• lc [ attribute ]

    (also referred to as word_lc, word lowercase or word form lowercase) is one of the positional attributes of each token in the corpus. The lc attribute is a lowercased version of the word attribute: John becomes john, Apple becomes apple, BE becomes be. The lc attribute makes the upper case and lowercase version of each token identical. Searching the lc attribute is used for case insensitive searching. see also word form lemma (lowercase)
  • learner corpus [ corpus-types ]

    A collection of texts produced by learners of a language used to study errors and mistakes made by learners of languages. Learner corpora in Sketch Engine can use both error and correction annotation. A special search interface is available to search by the former or the latter or both. see also Setting up a learner corpus
  • lemma [ attribute ]

    Lemma is the basic form of a word, typically the form found in dictionaries. A lemmatized corpus allows for searching for a lemma so that the result include all forms of the word, e.g. searching for lemma go will find go, goes, went, going, gone, Go (if found at the beginning of sentences). Lemma in Sketch Engine is case sensitive so City and city are two different lemmas (City = the City of London; city = a common noun). The concept of lemma is not always clearly defined and may differ between languages. Often there is no single definition for the language.
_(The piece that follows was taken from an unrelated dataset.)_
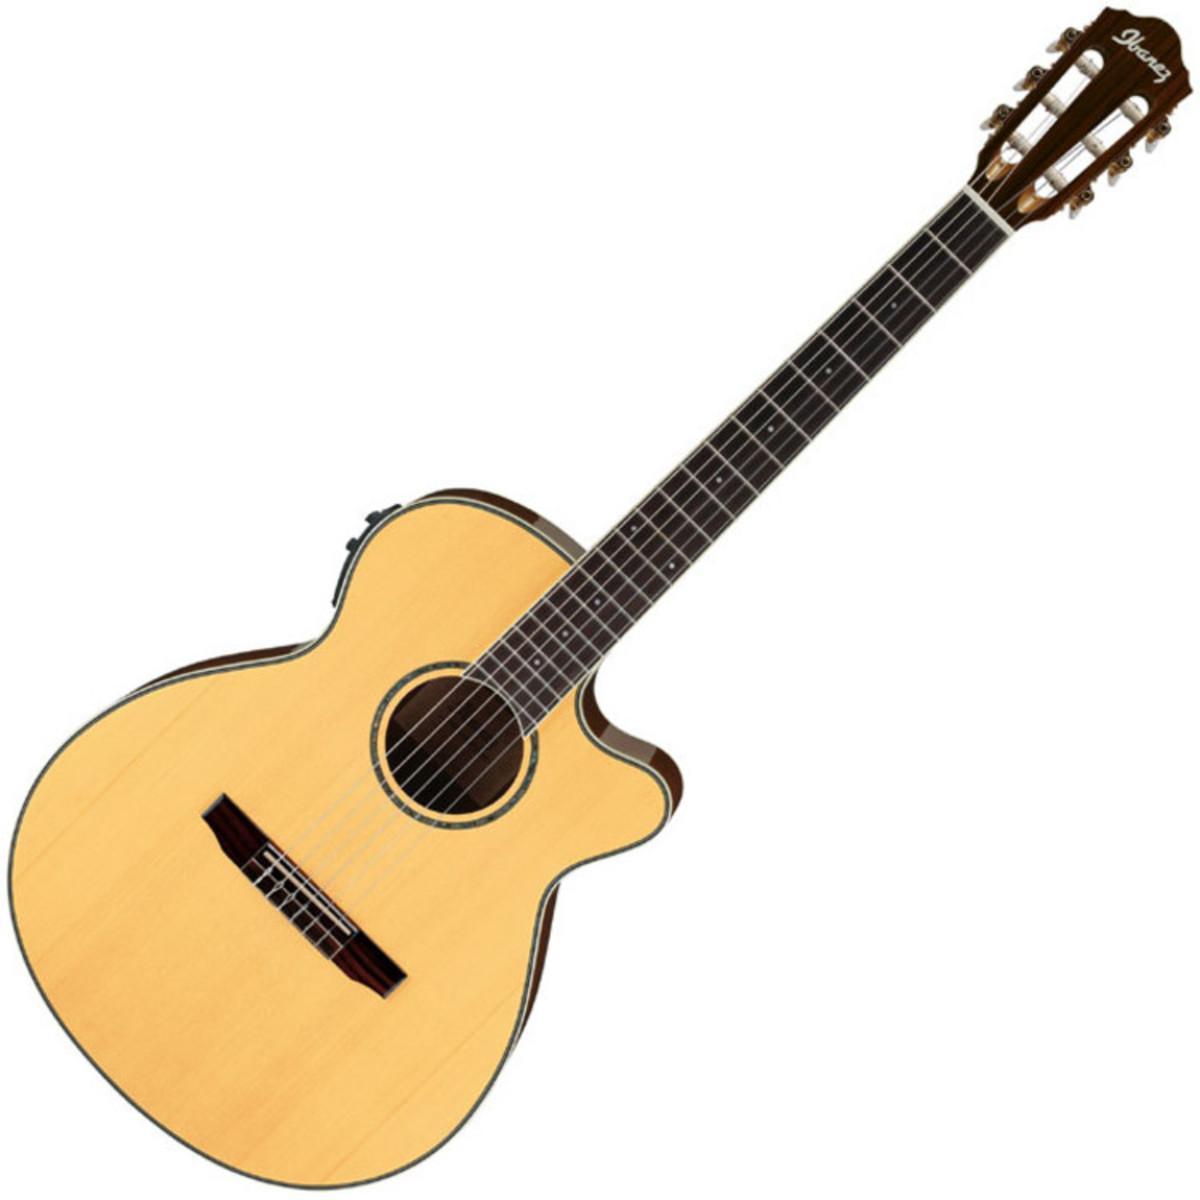 guitare electro acoustique ibanez aeg10nii naturelles. Black Bedroom Furniture Sets. Home Design Ideas

For example, in Sketch Engine, many, more, most are three different lemmas in English. On the other hand, in Czech, the same adjective which is also irregular hodně, více, nejvíce share the same lemma hodně. The situation is even more complex with agglutinating languages such as Turkish, Hungarian or Japanese where it may not be easy to decide how many affixes should be removed to produce a lemma. The term stem often replaces the term lemma but stem often refers to the very core part of the word while several lemmas may share the same stem. See also lemma-lc or compare with word form.
  • lemma_lc [ attribute ]

    lemma-lc is a case insensitive lemma. All upper-case characters are converted to lowercase. apple and Apple is the same thing. see lemma
  • Lemmatization

    Lemmatization is a process of assigning a lemma to each word form in a corpus using an automatic tool called a lemmatizer. Lemmatization bring the benefit of searching for a base form of a word and getting all the derived forms in the result, e.g. searching for go will also find goes, went, gone, going. See also PoS tagger stemming
  • lempos [ attribute ]

    lempos is a combination of lemma and part of speech (pos) consisting of the lemma, hyphen and a one-letter abbreviation of the part of speech, eg. go-vhouse-n. The part of speech abbreviations differ between corpora. Lempos is case sensitive, house-n is different from House-n.  see also lempos_lc
  • lempos_lc [ attribute ]

    lempos_lc is a case insensitive counterpart of lempos. All uppercase letters are converted to lowercase, thus House-n becomes identical with house-n.
  • likelihood [ statistics ]

    a function of parameters of a statistical model, it plays a key role in statistical inference and is the basis for the log-likelihood function. see Statistics in Sketch Engine
  • log-likelihood [ statistics ]

    one of the functions used in computed statistics of Sketch Engine. It is the association measures based on the likelihood function, using in tests for significance (see the log-likelihood calculator and more details)
  • logDice [ statistics ]

    a statistic measure for identifying collocations. It expresses the typicality of the co-occurence of the node and the collocate. It is used in the word sketch feature and also when computing collocations from a concordance. It is only based on the frequency of the node and the collocate and the frequency of the whole collocation. logDice is not affected by the size of the corpus and, therefore, can be used to compare the scores between different corpora. logDice is the preferred option when working with large corpora.   see also logDice in Statistics used in Sketch Engine A Lexicographer-Friendly Association Score (paper) T-score MI score
  • Longest-commonest match

    The longest-commonest match is a concept coined by Adam Kilgarriff to name the most common realisation of a collocation, i.e. the chunk of language in which the collocation appears most frequently. The longest-commonest match is part of the word sketch result screen to facilitate the understanding of how the collocation typically behaves.
  • longtag [ attribute ]

    Longtag is a detailed part-of-speech tag which usually contains more information than tag. Some corpora have tags containing only basic information on parts of speech and also attribute longtags consist of detailed grammatical information such as case, number, gender, etc. The longtangs are available in Estonian corpus etTenTen or Turkis corpus trTenTen.